Listed records:
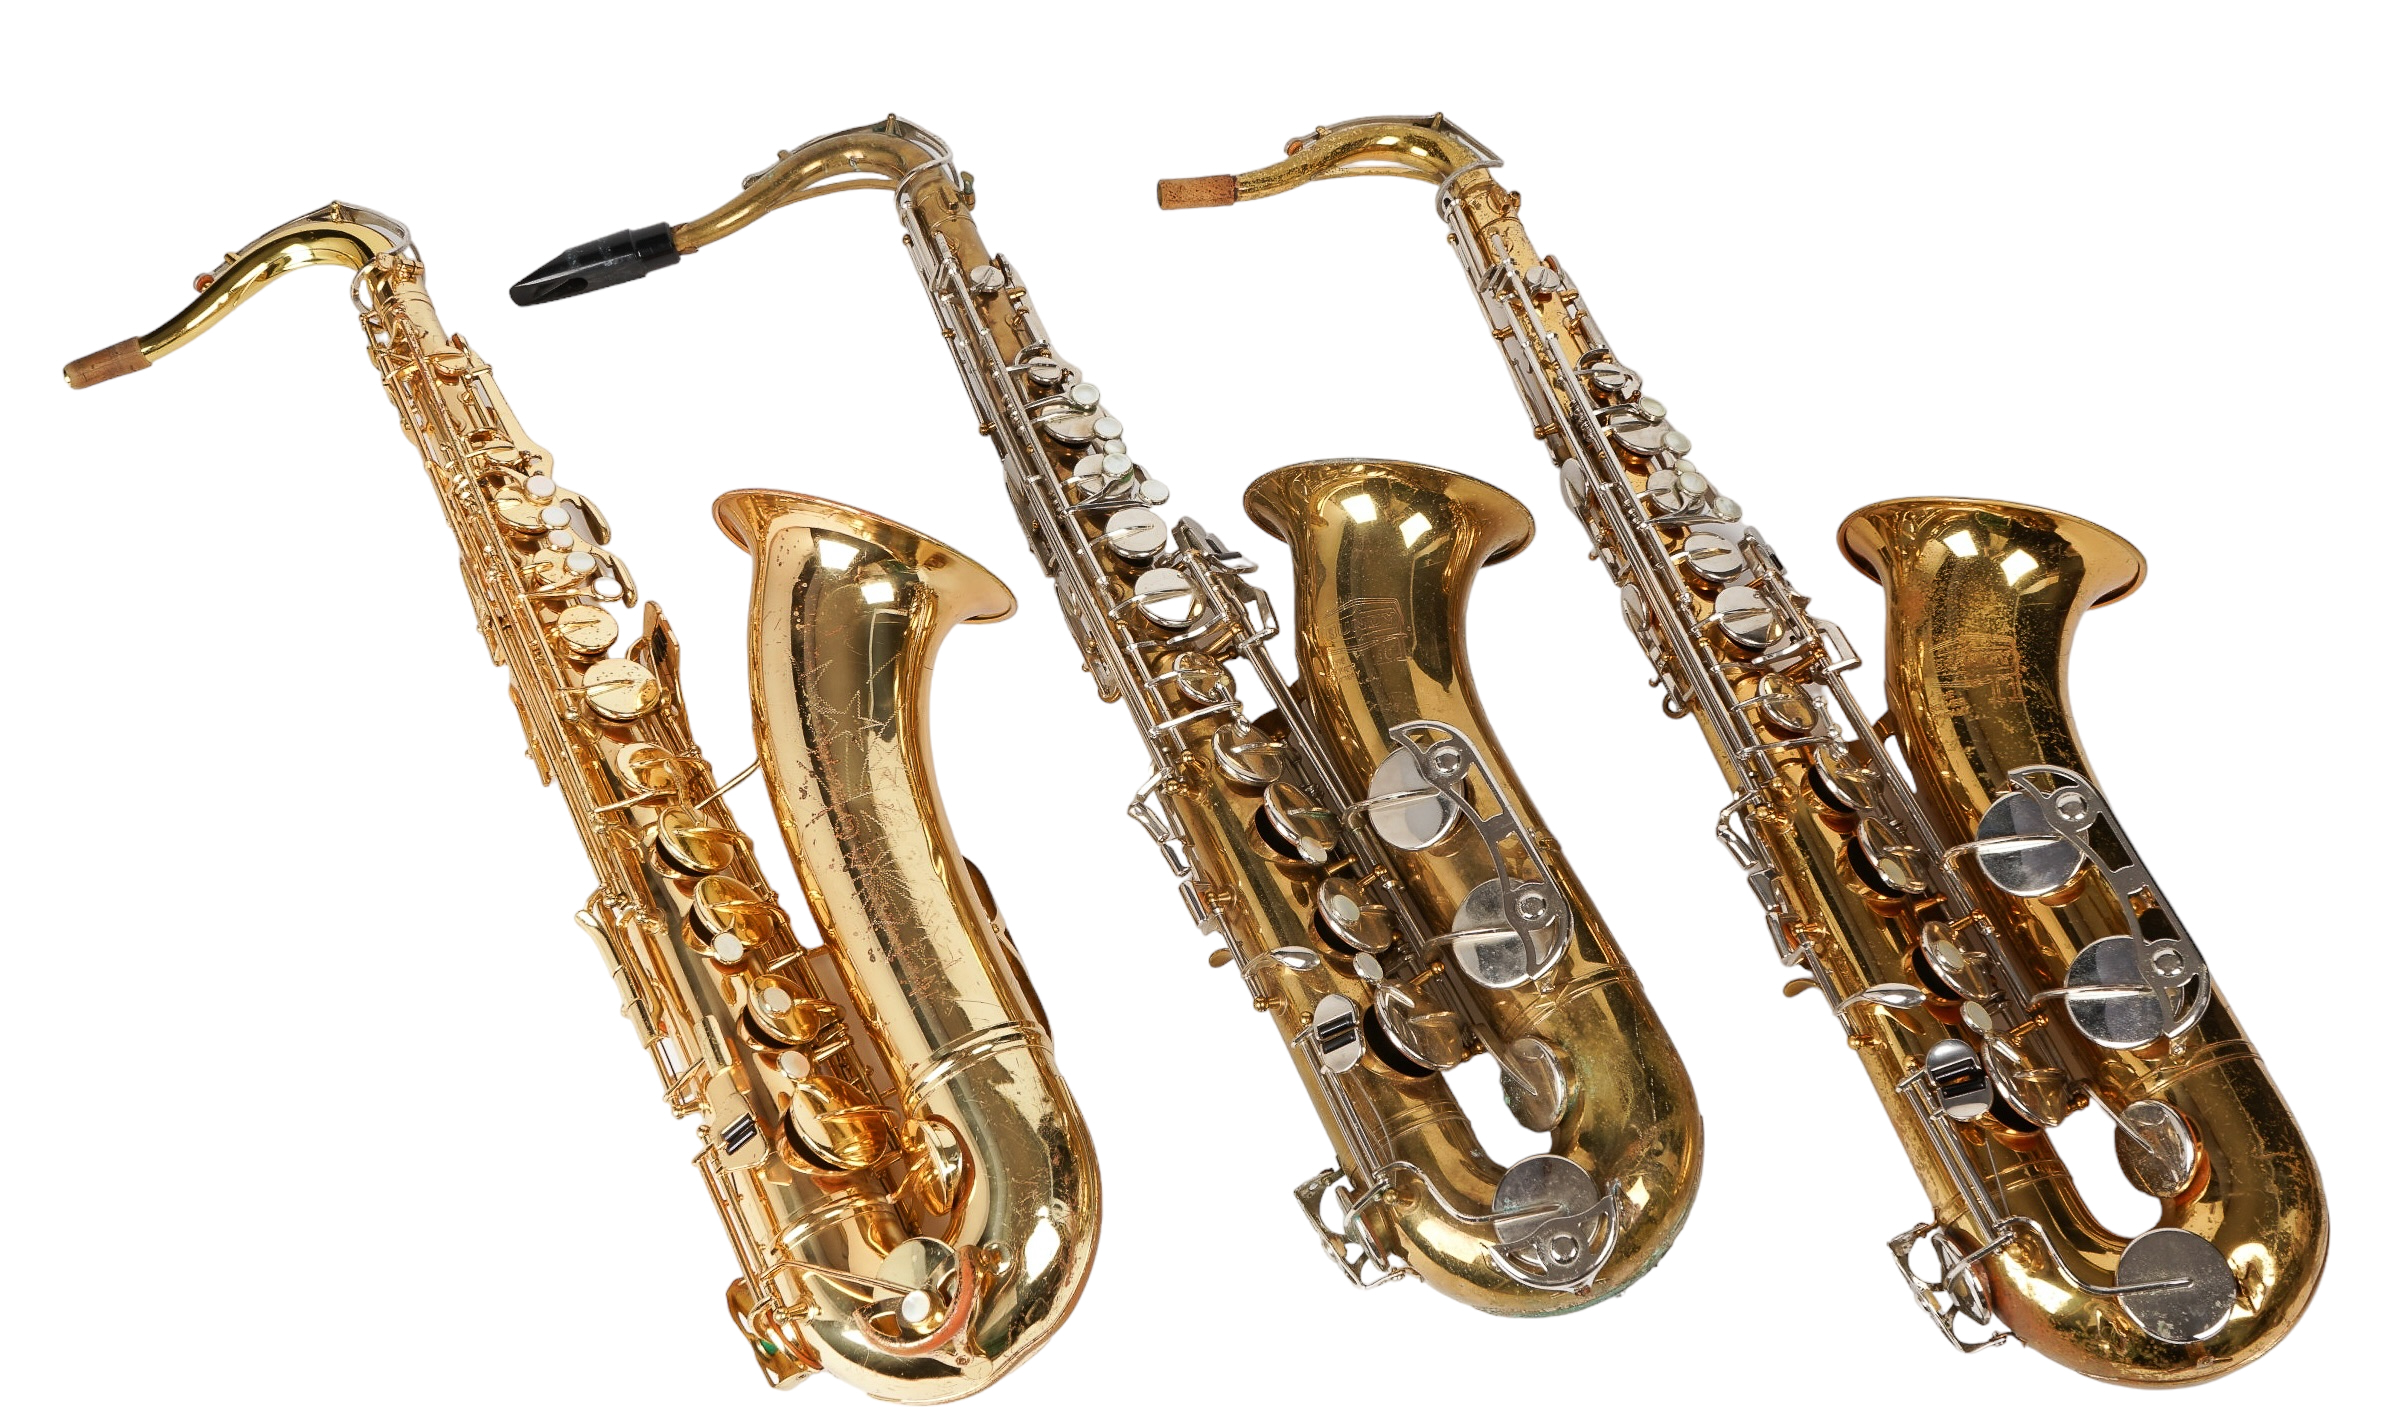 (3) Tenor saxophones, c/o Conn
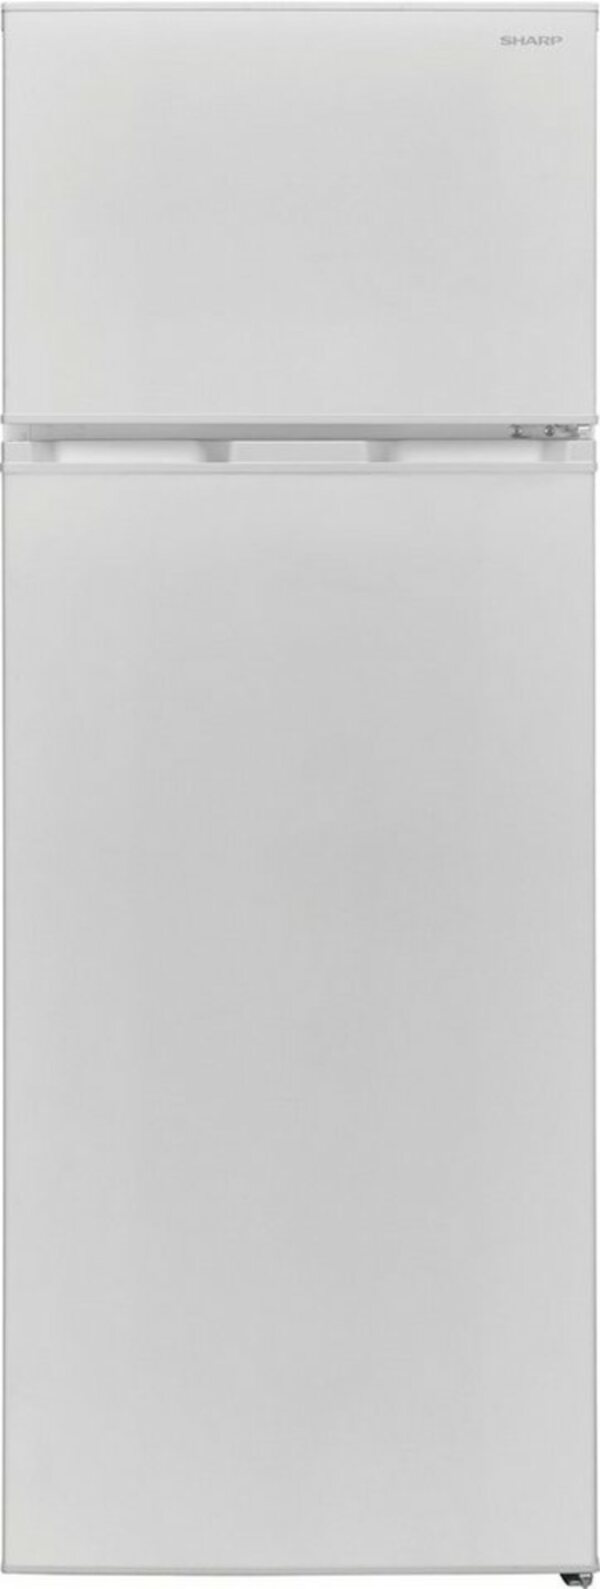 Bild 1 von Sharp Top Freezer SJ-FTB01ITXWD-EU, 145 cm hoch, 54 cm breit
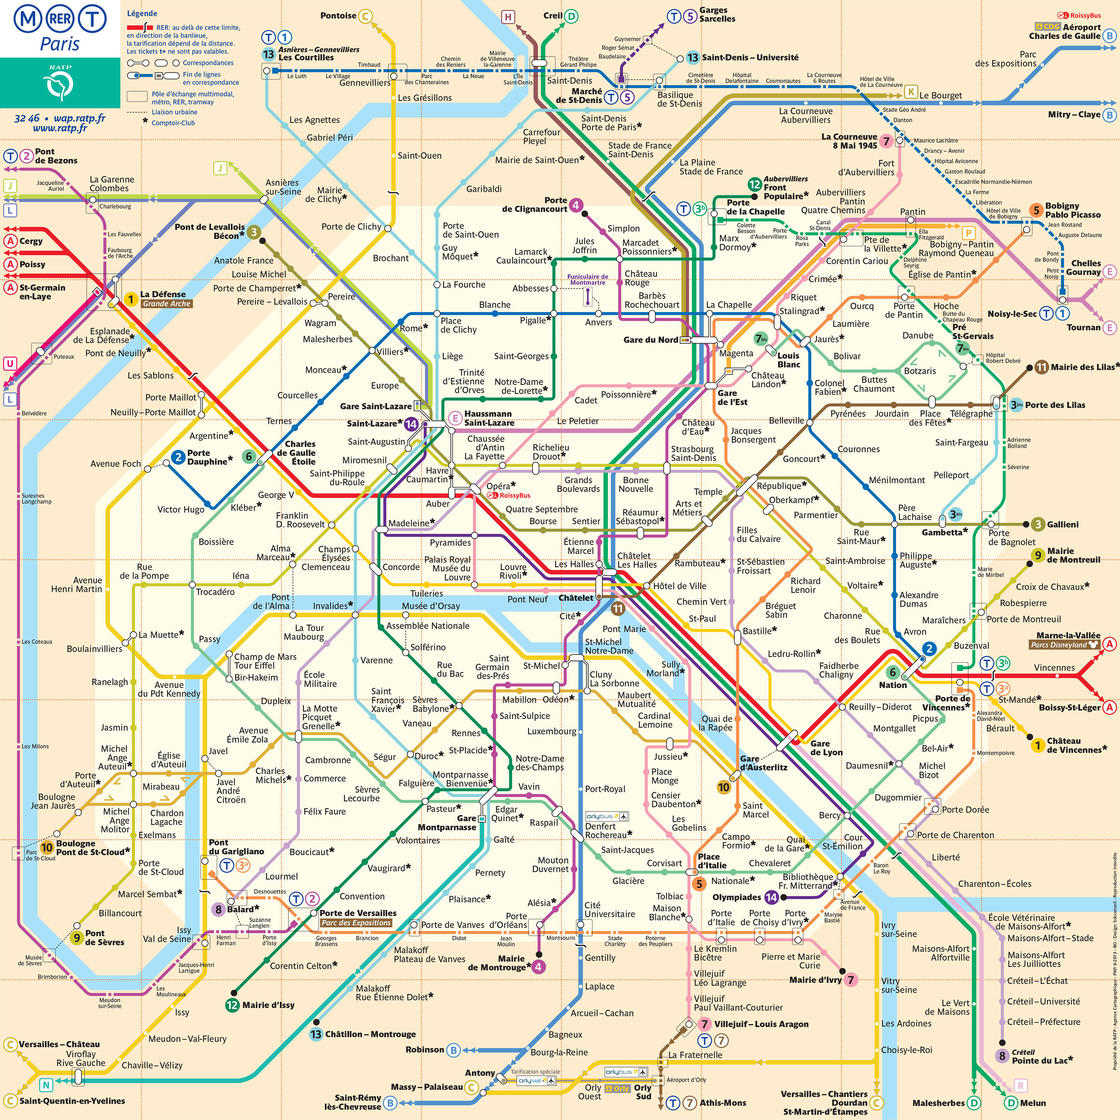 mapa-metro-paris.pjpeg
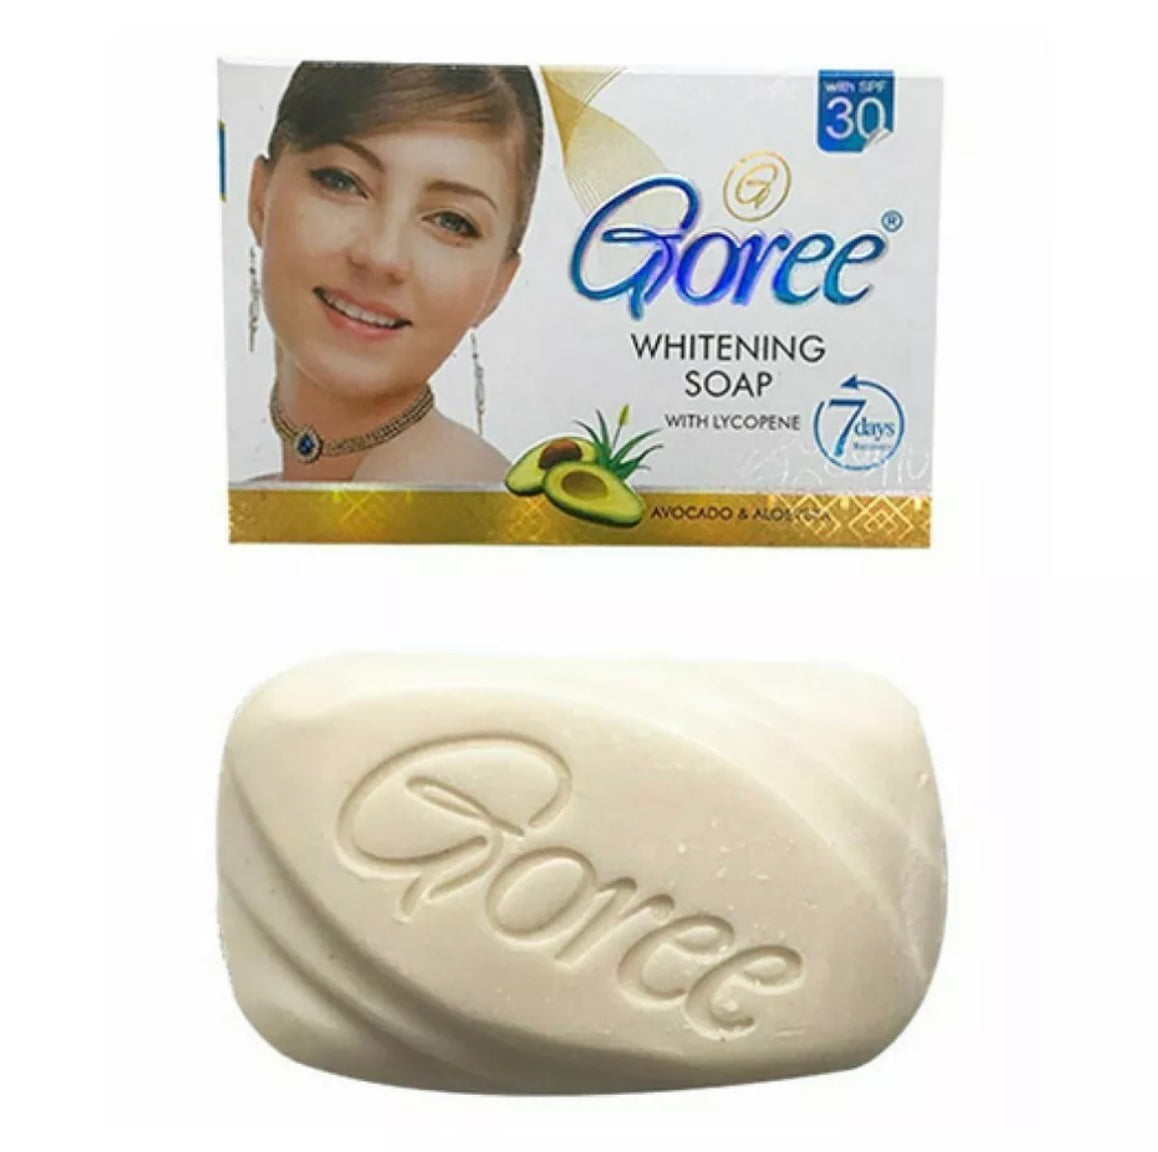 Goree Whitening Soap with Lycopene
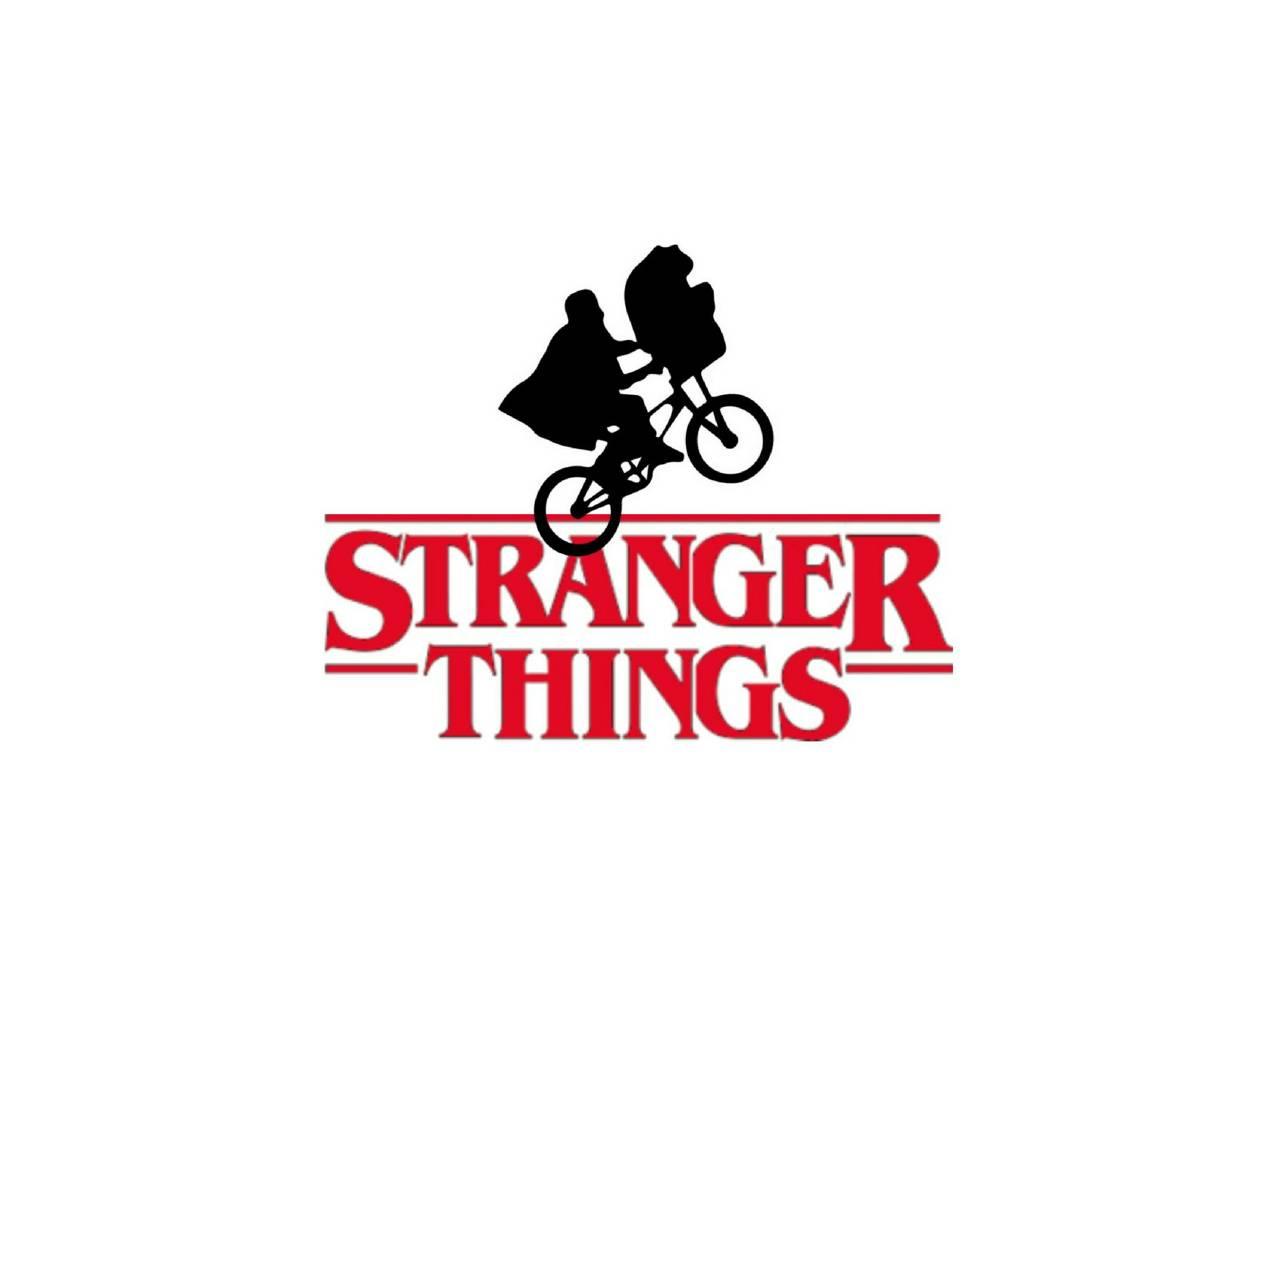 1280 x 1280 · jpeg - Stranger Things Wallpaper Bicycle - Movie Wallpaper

How to complete this task:
Because only the text is wanted, repeat all the entries exactly and leave out the pictures.

Task output:
 (3) Tenor saxophones, c/o Conn
 Bild 1 von Sharp Top Freezer SJ-FTB01ITXWD-EU, 145 cm hoch, 54 cm breit
 mapa-metro-paris.pjpeg
 Goree Whitening Soap with Lycopene
 1280 x 1280 · jpeg - Stranger Things Wallpaper Bicycle - Movie Wallpaper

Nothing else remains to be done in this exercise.